Autre singularité, Laurent Cantet n'élude pas les impasses auxquelles peuvent mener ces conversations entre élèves et enseignant. Contrairement à l'usage qui veut qu'une séquence mettant en scène un dialogue se termine toujours clairement et de façon résolue, à plusieurs reprises ici, nous finissons sur François Bégaudeau pris au dépourvu. Entre les mursest un film sur le langage et il traite le sujet en passant par tous les chemins possibles. Le débat qui éclate autour de la différence qui existerait ou pas entre les termes "enculé" et "pétasse" ne dépasserait guère le clin d'oeil tragi-comique si il ne trouvait pas sa place dans un réseau complexe de pistes de réflexion. De même, si les scènes entre professeurs semblent plus appliquées et plus didactiques que les autres, il n'est pas sûr que cela soit dû à une différence dans le jeu des acteurs (un jeu qui serait naturel chez les comédiens adolescents et plus travaillé, plus artificiel chez les autres). Il faut plutôt y voir l'expression d'un autre type de langage et la démonstration que chacun module inconsciemment sa parole en fonction du contexte.

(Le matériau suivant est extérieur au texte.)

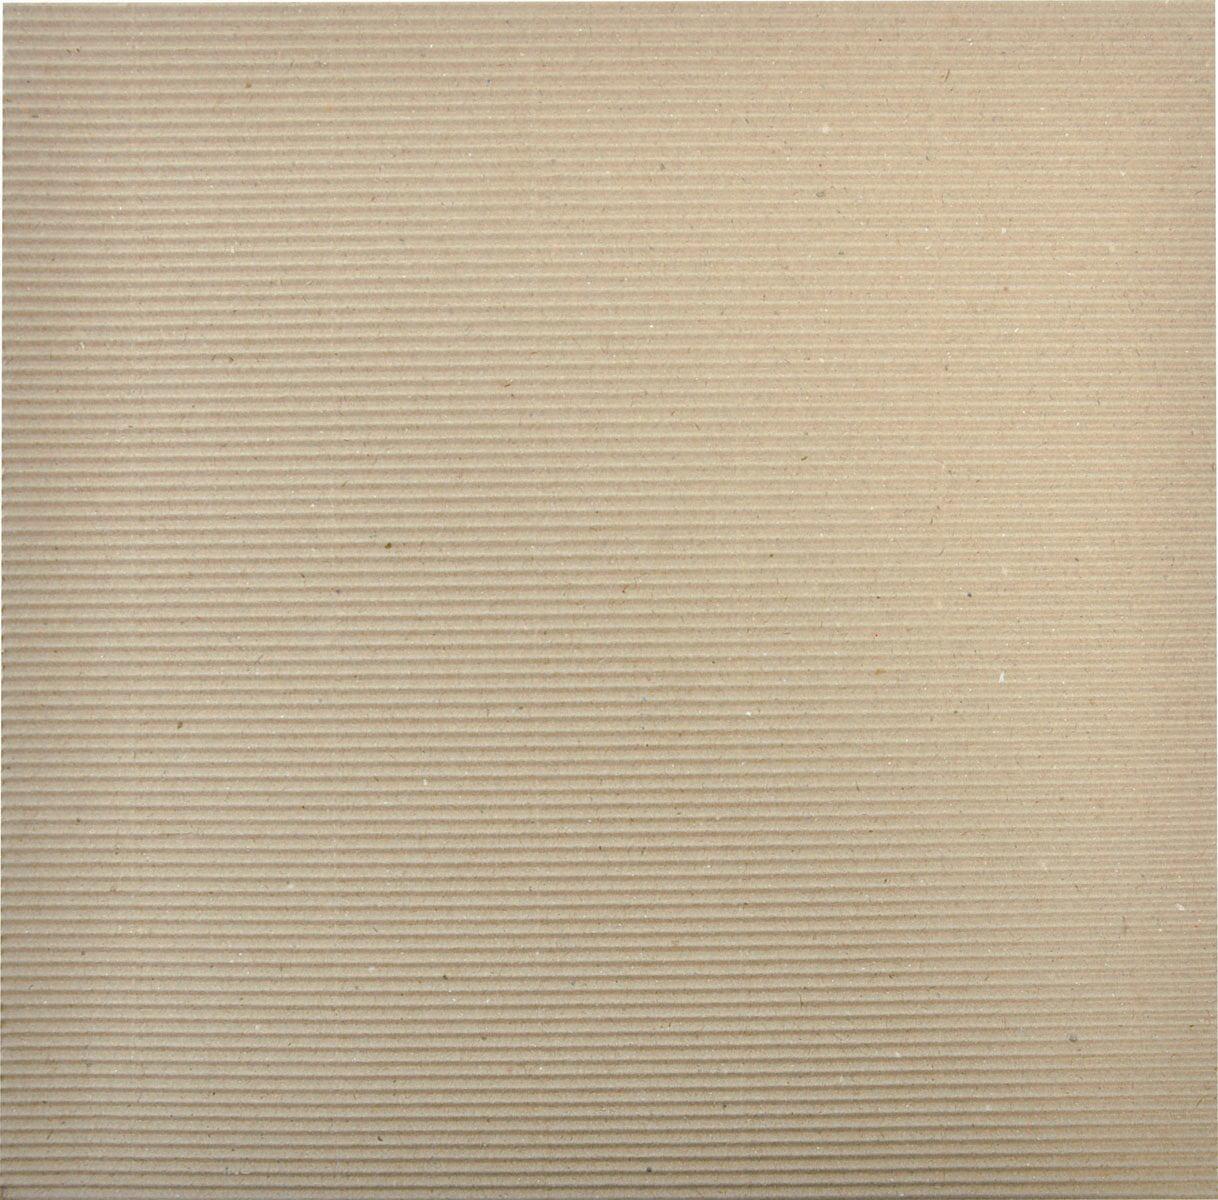 Kaiser Craft Corrugated Cardboard Sheets Walmart Com

Tout au long de son film, Cantet redouble à l'écran le travail de l'enseignant avec ses élèves, donnant lui aussi des exemples de registres et d'usages multiples de la langue. Les rapports profs-élèves sont beaucoup vus à travers le problème des punitions et récompenses. Là aussi en épousant le regard de Bégaudeau, le cinéaste parvient à nous faire approcher d'une certaine vérité. Le thème de l'utilité des sanctions est l'un des éléments principaux du moteur narratif, mais plus souterrainement, on ressent la recherche constante de Bégaudeau pour trouver la bonne position par rapport à ses élèves. La  scène où il félicite Souleymane, l'élément perturbateur qui vient de faire un bon travail, me semble très importante dans cette optique.  On sent à ce moment-là que le prof cherche, exactement comme Cantet, à ne pas tomber dans la démagogie et à être juste. Trouver la bonne distance pour éviter l'angélisme : cinéaste et comédien-professeur feront à nouveau ce même effort quand il s'agira d'écouter le fan de gothique défendre son look et son attitude "anti-conformiste".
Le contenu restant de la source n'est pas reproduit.